[Source records]
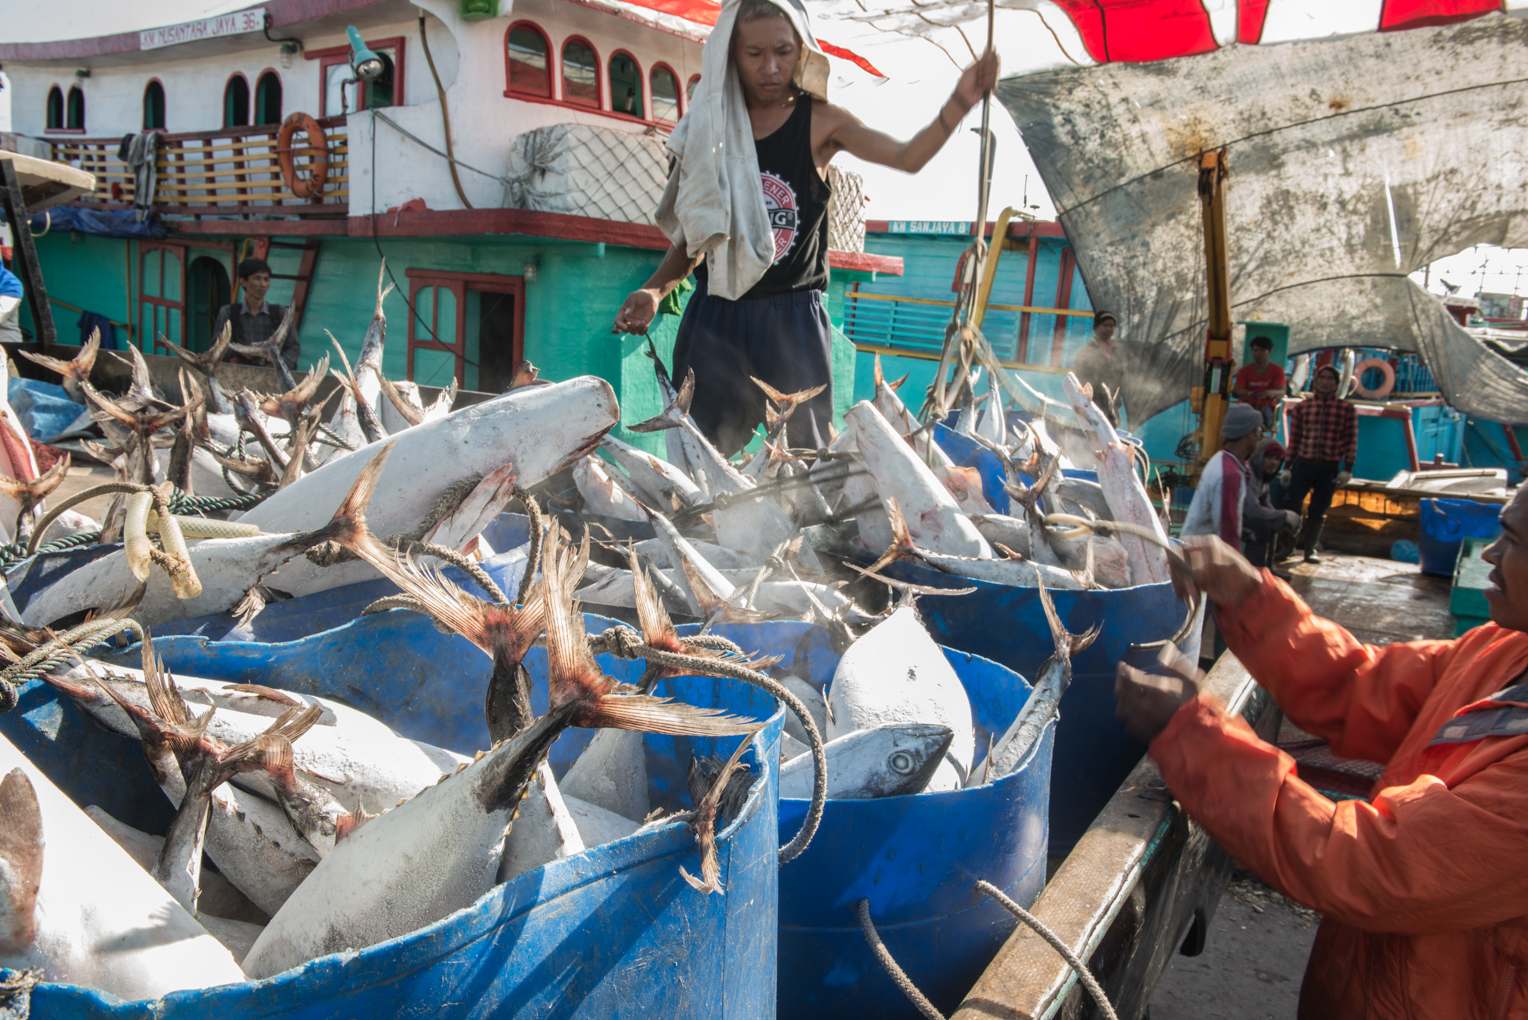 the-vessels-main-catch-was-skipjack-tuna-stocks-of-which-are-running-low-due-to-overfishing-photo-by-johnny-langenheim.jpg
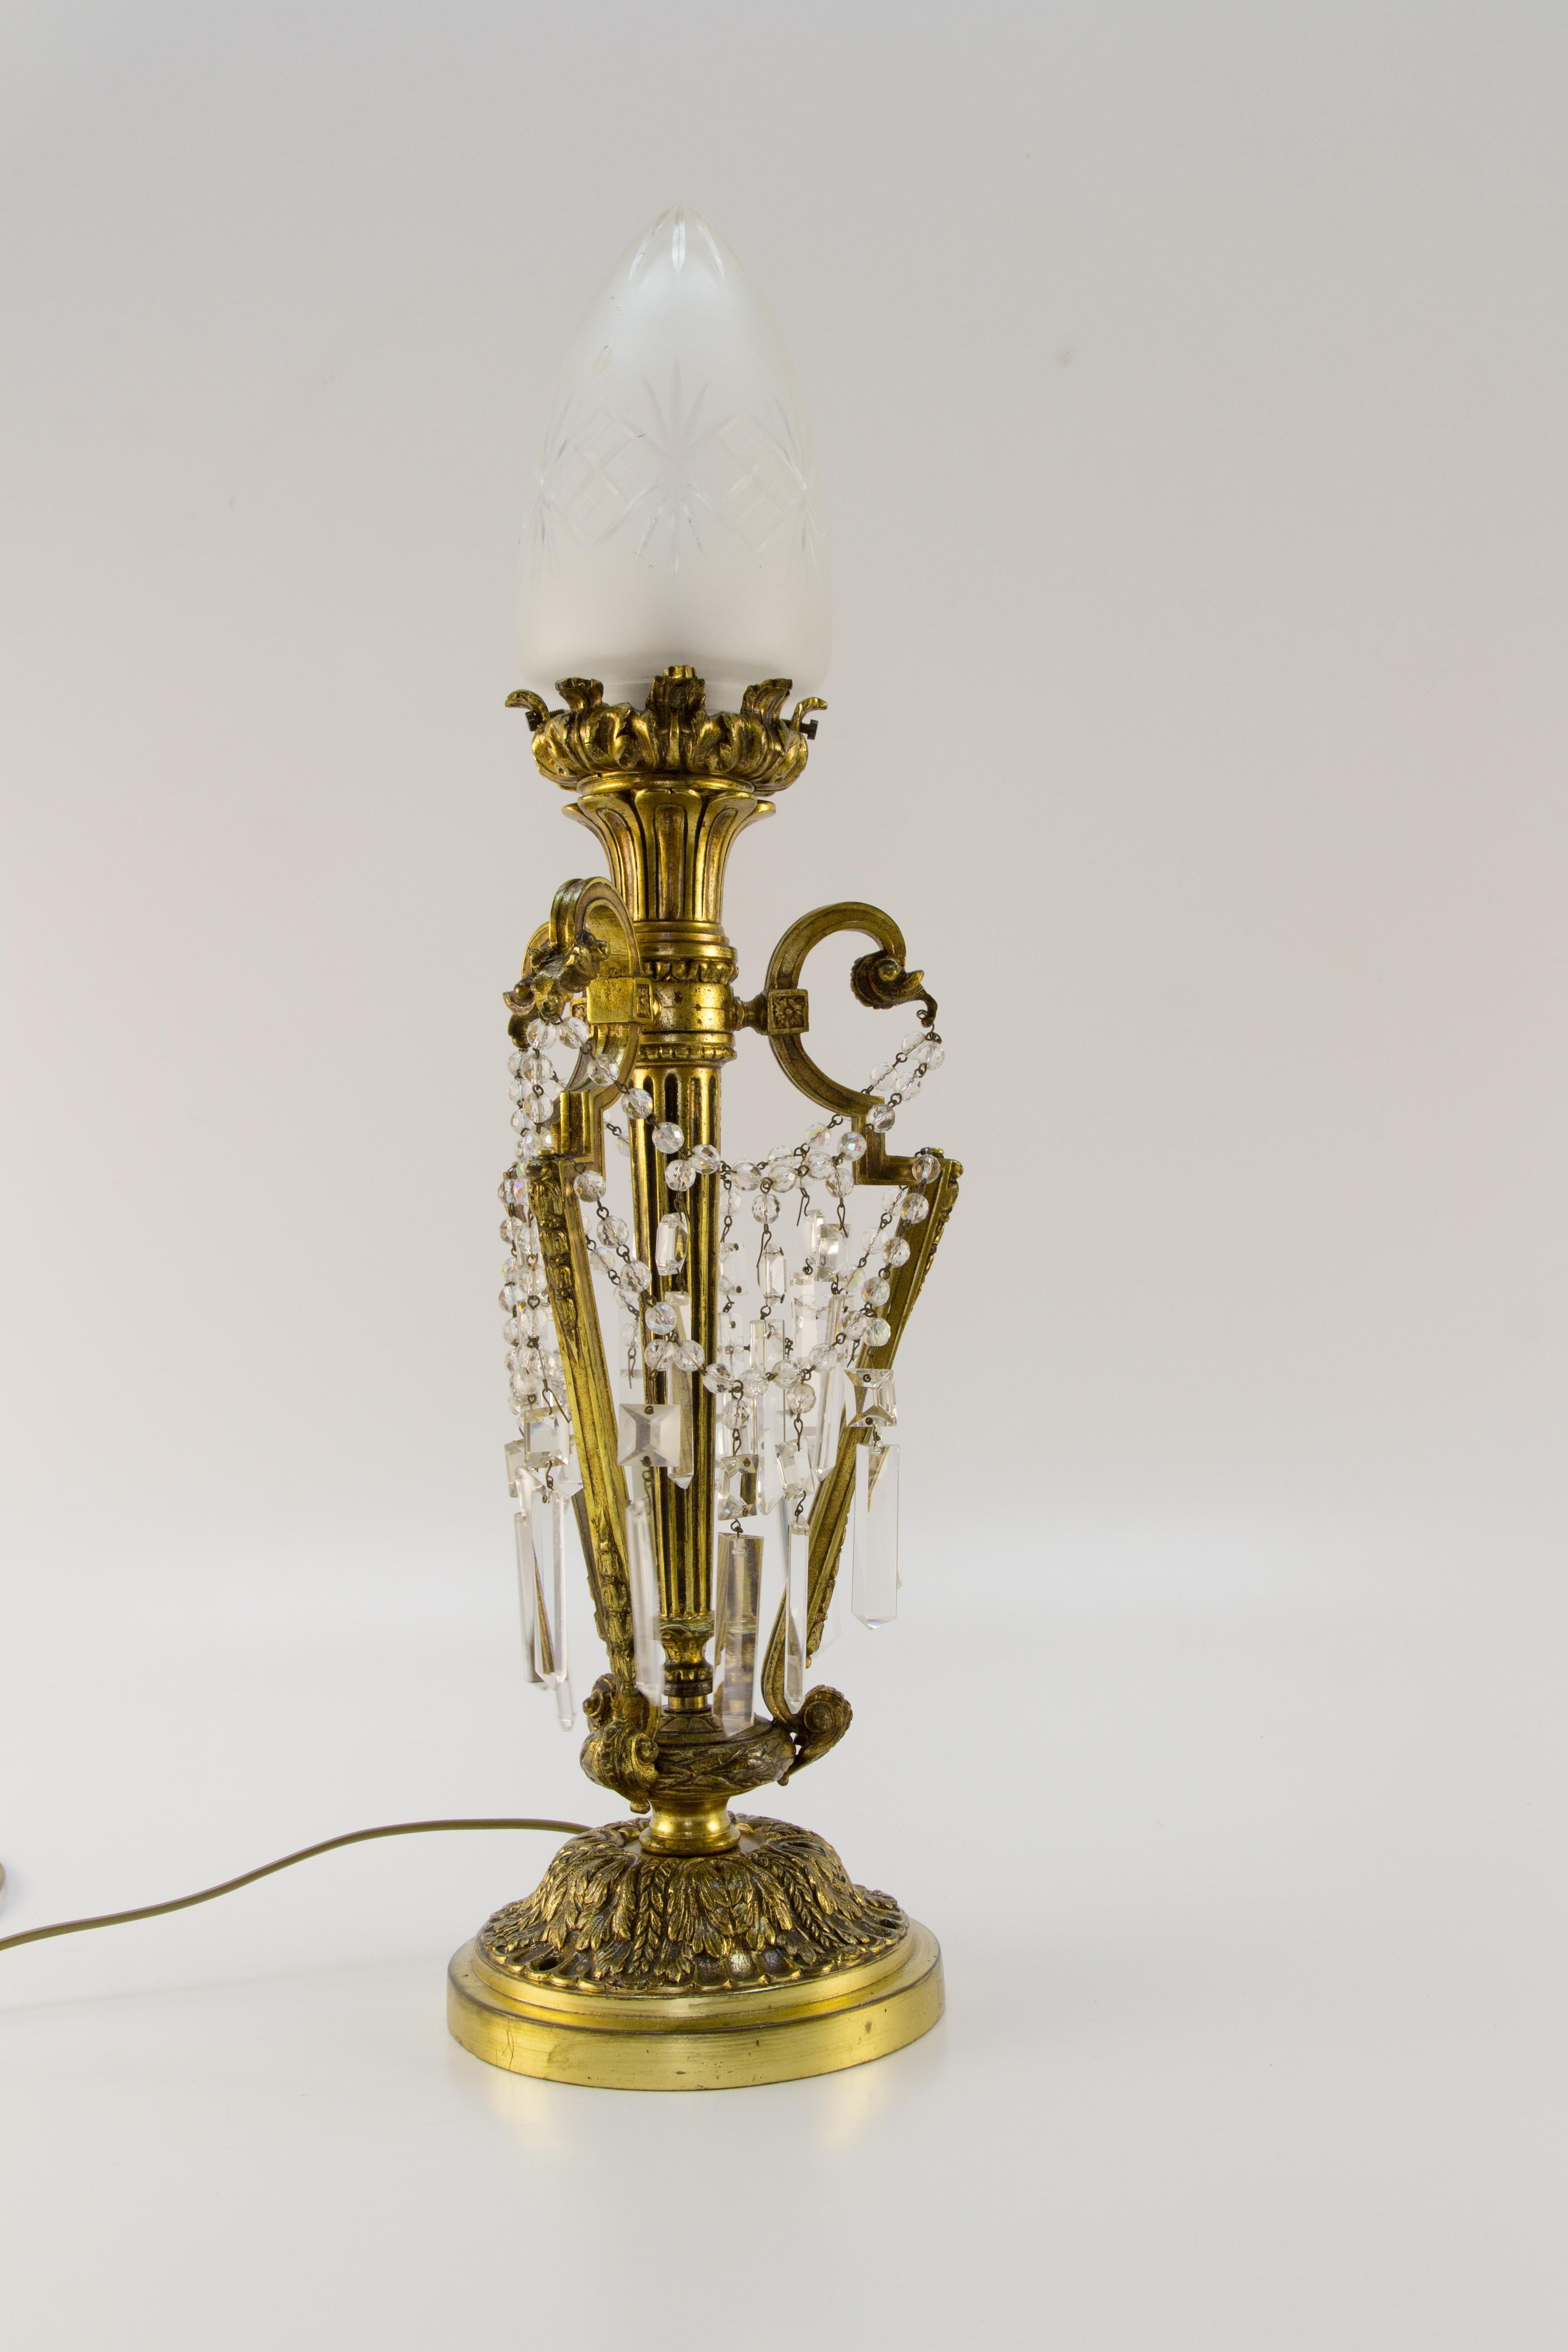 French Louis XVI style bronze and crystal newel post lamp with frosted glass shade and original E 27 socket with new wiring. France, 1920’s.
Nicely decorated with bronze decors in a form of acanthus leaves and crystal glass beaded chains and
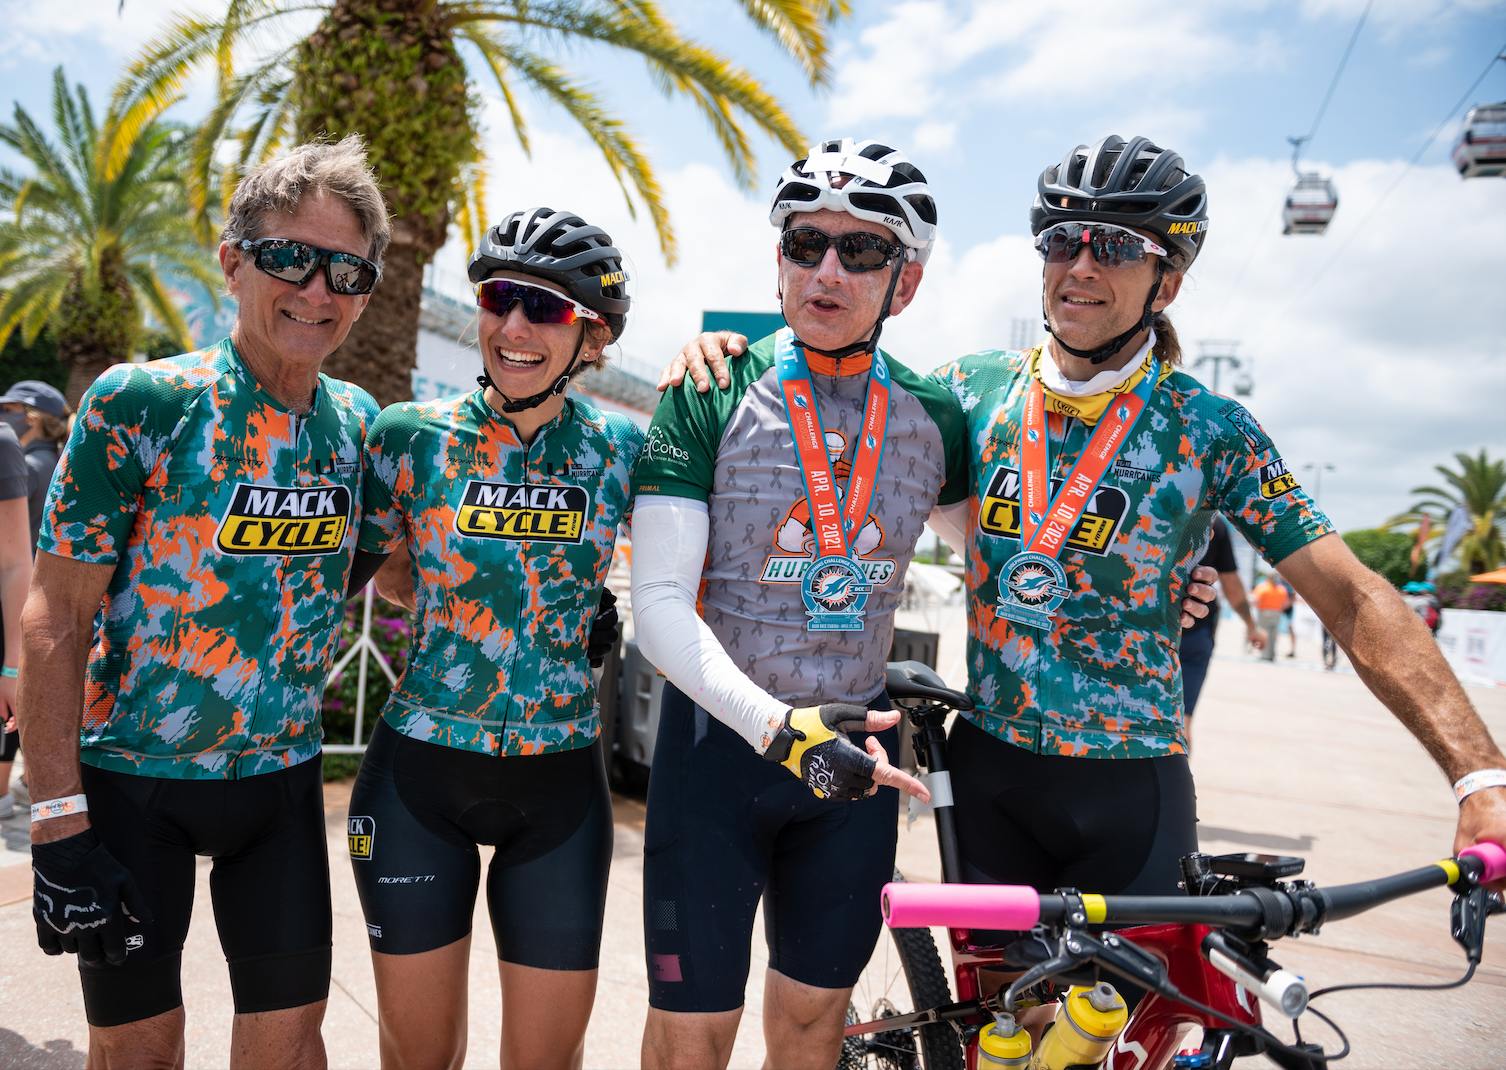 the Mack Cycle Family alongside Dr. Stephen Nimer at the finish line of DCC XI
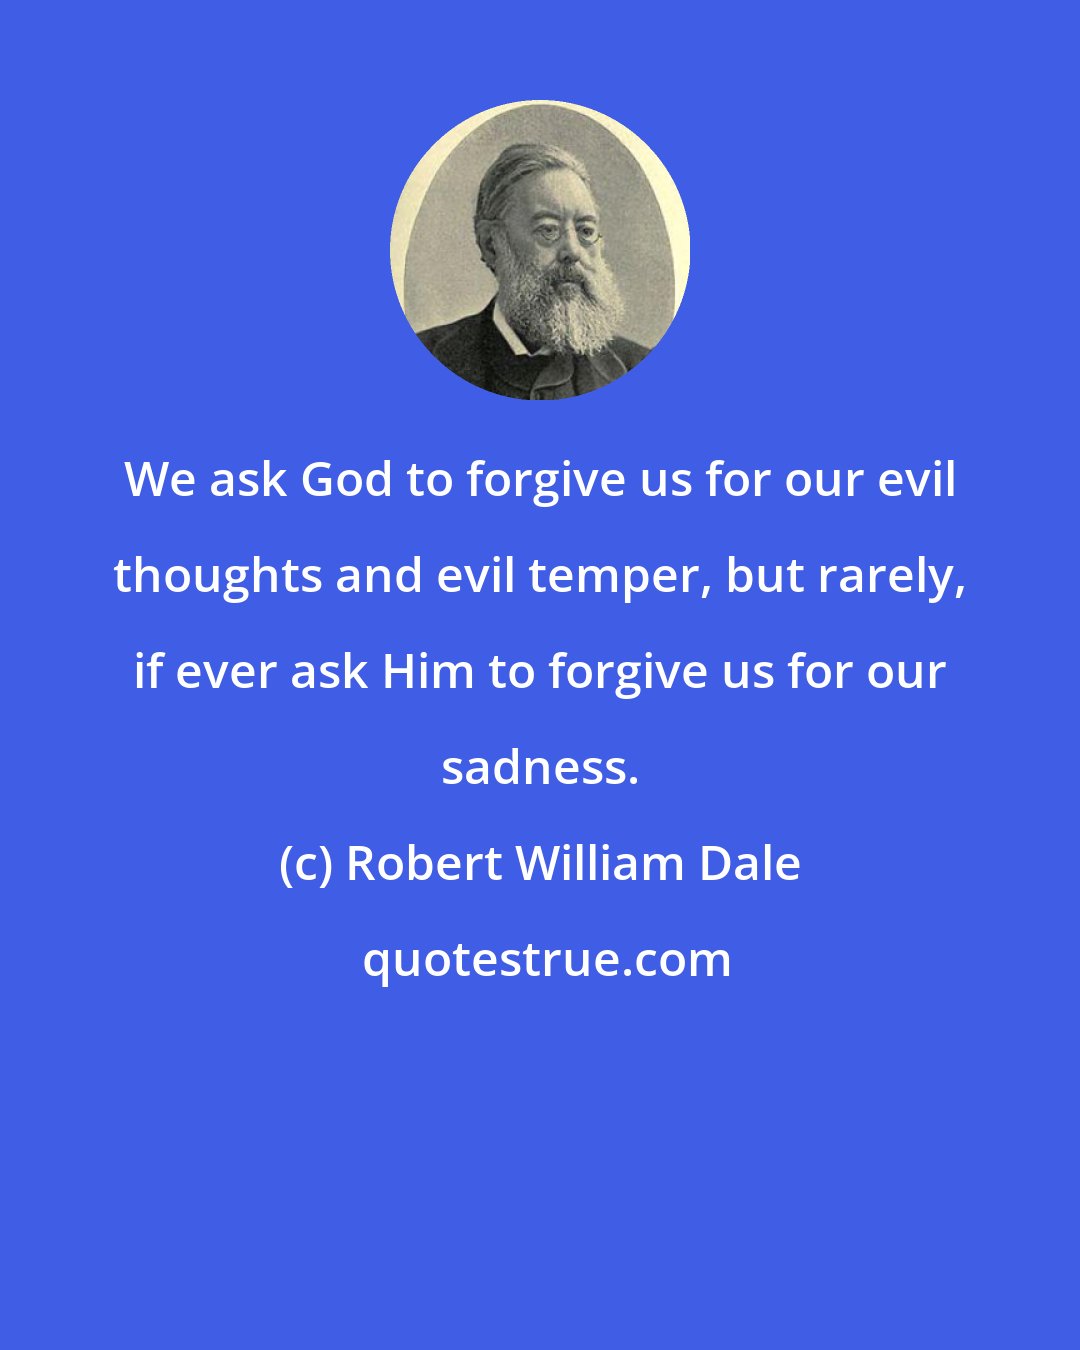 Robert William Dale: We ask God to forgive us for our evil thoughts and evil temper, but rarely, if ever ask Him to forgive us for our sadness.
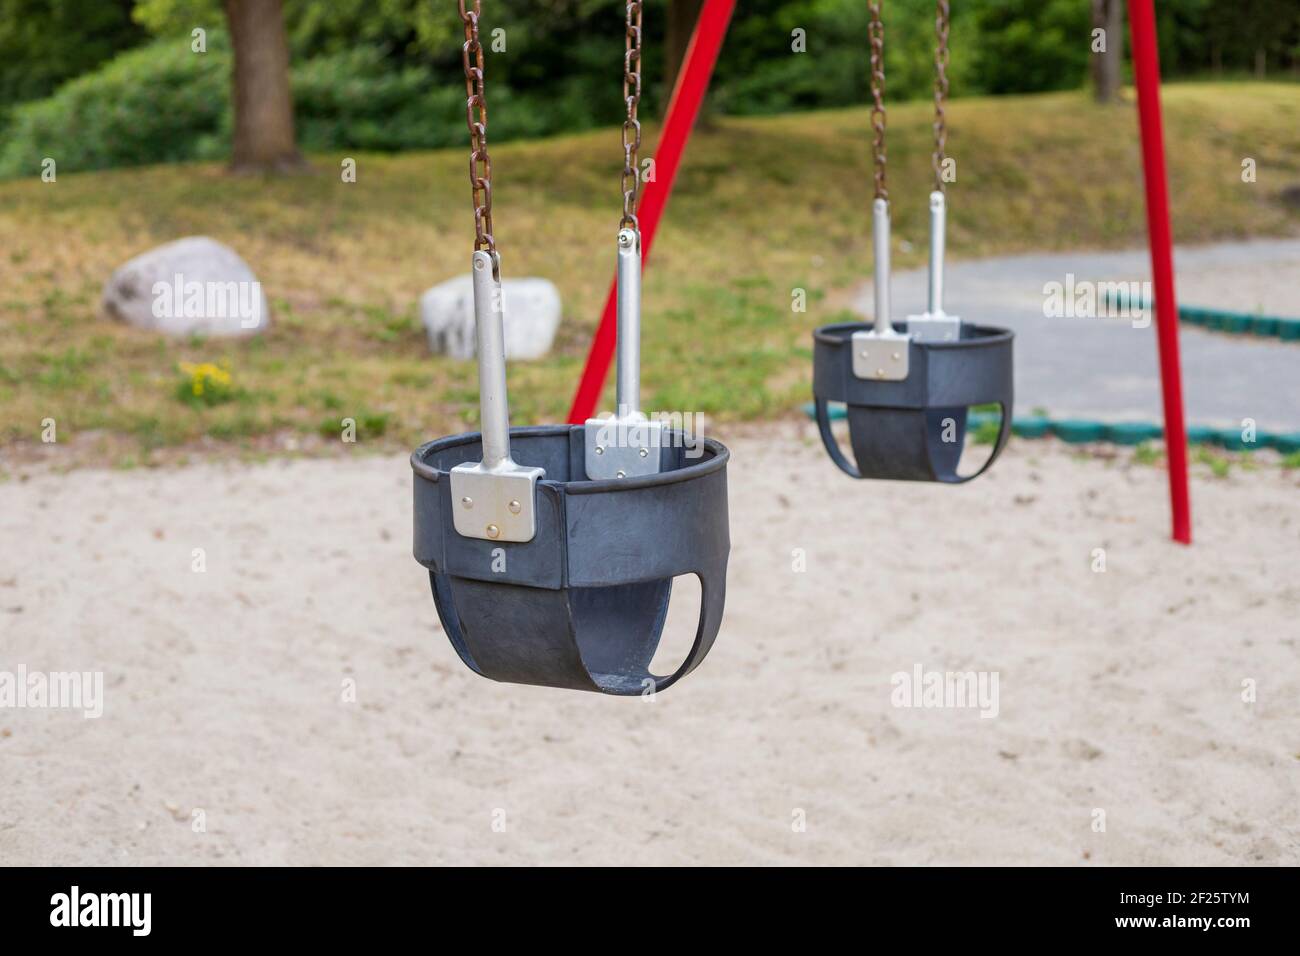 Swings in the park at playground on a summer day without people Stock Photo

To do: Give the data above again, exactly and completely. No pictures go in.

Finished exercise:
 the-vessels-main-catch-was-skipjack-tuna-stocks-of-which-are-running-low-due-to-overfishing-photo-by-johnny-langenheim.jpg
 French Louis XVI style bronze and crystal newel post lamp with frosted glass shade and original E 27 socket with new wiring. France, 1920’s.
Nicely decorated with bronze decors in a form of acanthus leaves and crystal glass beaded chains and
 the Mack Cycle Family alongside Dr. Stephen Nimer at the finish line of DCC XI
 Robert William Dale: We ask God to forgive us for our evil thoughts and evil temper, but rarely, if ever ask Him to forgive us for our sadness.
 Swings in the park at playground on a summer day without people Stock Photo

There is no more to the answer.